Madonna splende negli occhi dell'amante come Dio splende nelle intelligenze angeliche; il poeta prevede che Dio lo rimprovererà per tale raffronto blasfemo e se ne scusa in anticipo col fatto che Madonna ha "d'angel sembianza". Il motivo, peraltro, ci riporta direttamente al Guittone cortese: "ch'angel di Deo sembrate in ciascun membro" (son. Donque mi parto); la donna non è qui collocata realmente in connessione col soprannaturale (come nella Vita nova), e l'audacia del paragone sta piuttosto nella natura sessuale del beato compimento che ella "dar dovria" all'amante devoto (vv. 47-50), come Dio "al primero", cioè istantaneamente, dà beatitudine alle intelligenze celesti che gli obbediscono. Anche in II, G. tiene il punto: "Dar allegranza amorosa natura, / senz'esser l'omo a dover gioi compire, / inganno mi simiglia" (vv. 13-15); è molto probabile, come suggerisce Sanguineti, che sia questa la lussuria letteraria di cui il G. dantesco si va purgando.
A tal riguardo, non aggiunge poi molto il son. XVII, Chi vedesse a Lucia un var capuzzo, con la terzina: "Ah, prender lei a forza, ultra su' grato, / e bagiarli la bocca e 'l bel visaggio / e li occhi suoi, ch'èn due fiamme de foco". Le rime in uzzo (capuzzo: Abruzzo: tuzzo: mozzo ⟨ *muzzo) segnalano nettamente un livello stilistico "comico", che si dovrebbe riportare al modello fiorentino di Rustico Filippi (cfr. son. Volete udir vendetta smisurata?, con le rime Acerbuzzo: Giovannuzzo: puzzo: Cambiuzzo). Allo stesso livello si pone XVIII, Volvol te levi, vecchia rabbiosa, che si può confrontare col famoso Dovunque vai con teco porti il cesso, di Rustico: ma G. non è tanto interessato al singolo dettaglio obbrobrioso, quanto alla forza complessiva dell'immagine: "Ché non fanno lamento li avoltori, / nibbi e corbi, a l'alto Dio sovrano, / che lor te renda? Già se' lor ragione. / Ma tant' ha' tu sugose ['marce'] carni e dure, / che non se curano averti tra mano".

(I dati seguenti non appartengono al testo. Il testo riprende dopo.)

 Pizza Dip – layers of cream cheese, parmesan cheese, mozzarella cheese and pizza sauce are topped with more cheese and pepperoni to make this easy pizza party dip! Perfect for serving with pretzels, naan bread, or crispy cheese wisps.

Niente di specifico si può dire sulle modalità con cui le rime di G. giunsero nelle mani degli innovatori fiorentini; ma sostanzialmente immotivata appare l'ipotesi di Petrocchi ("è concesso inferire che fu proprio D[ante] a trasportare nel pieno del 1287, di Bologna in Firenze, il canzoniere guinizzelliano"): non soltanto sappiamo che Dante leggeva un G. toscanizzato, cioè all'incirca il G. dei grandi canzonieri (cfr. De vulgari eloquentia, I, XV 6); ma il "primo" Cavalcanti era già, consapevolmente, un cultore di Guido. I due soli testi di Cavalcanti ammessi nei canzonieri arcaici, la ballata Fresca rosa novella e il sonetto Biltà di donna, pur nel loro gusto sicilianeggiante sono già caratterizzati dalla frequenza dei sintagmi guinizzelliani.
Edizioni di riferimento per le rime di G. sono: I rimatori bolognesi del secolo XIII, ed. critica a cura di G. Zaccagnini, Milano 1933, pp. 73-104; Poeti del Duecento, a cura di G. Contini, II, Milano-Napoli 1960, pp. 447-485 (i testi di G. sono stabiliti da D'A.S. Avalle); Poeti del dolce stil nuovo, a cura di M. Marti, Firenze 1969, pp. 33-114; G. Guinizzelli, Poesie, a cura di E. Sanguineti, Milano 1986; G. Guinizzelli, Rime, a cura di L. Rossi, Torino 2002.